Проснулась она от легкого прикосновения. Кто-то осторожно тряс ее за плечо. Валерия открыла глаза. Рядом с ней присела на корточки Кера. Она была уже одета; в подвале было темно, догорали трещащие свечи; воздух, пропитанный дымом и потом, было трудно вдохнуть.
— Лера, — прошептала Диана. — Давай, просыпайся. Восемь утра уже.
Валерия пошевелилась, осторожно вынимая затекшие руки из-под тела спящей Карины. Села, стараясь побороть головокружение и не завалиться опять на ковер.

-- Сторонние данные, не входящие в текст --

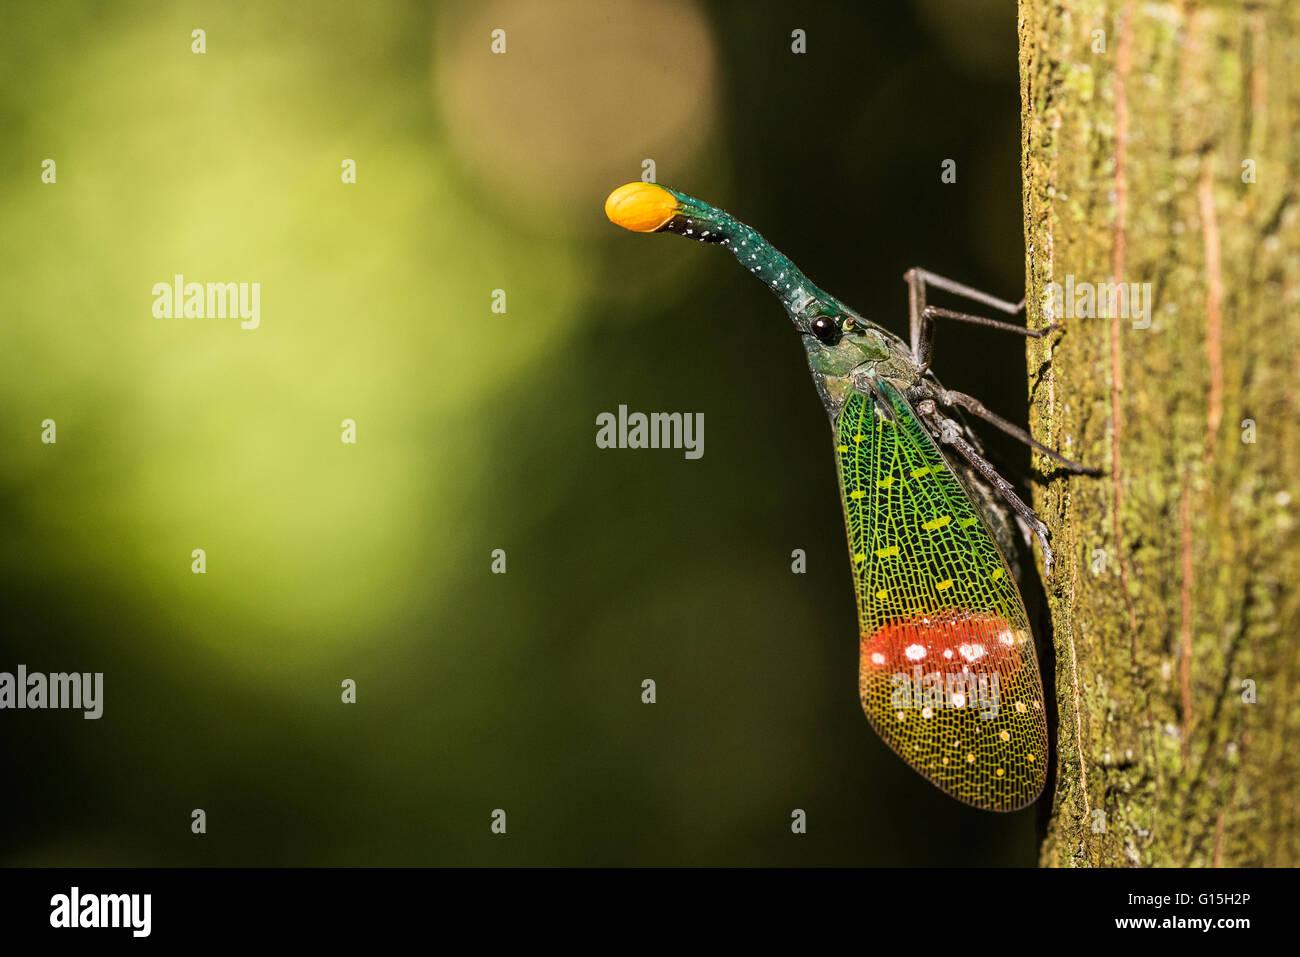 Orange-tip lantern fly (Pyrops intricata), Indonesia, Southeast Asia - Stock Image

— У тебя поварешка? — спросила Диана. — Я хочу мази набрать.
Валерия встала, доковыляла до сумки, по пути перешагивая через лежащие тут и там голые тела. Достала и подала Диане половник.
— Спасибо, — сказала та. — А то мне уже ехать надо.
Торфяные брикеты давно прогорели; от бочки шел жар. За семь часов младенец почти разварился: в тошнотворной, густеющей жиже различался только округлый комок головы, остальное стало бульоном. Диана, держа в одетой на руку прихватке стеклянную банку, зачерпнула жидкость из бака и аккуратно наполнила до краев. Осторожно защелкнула крышку.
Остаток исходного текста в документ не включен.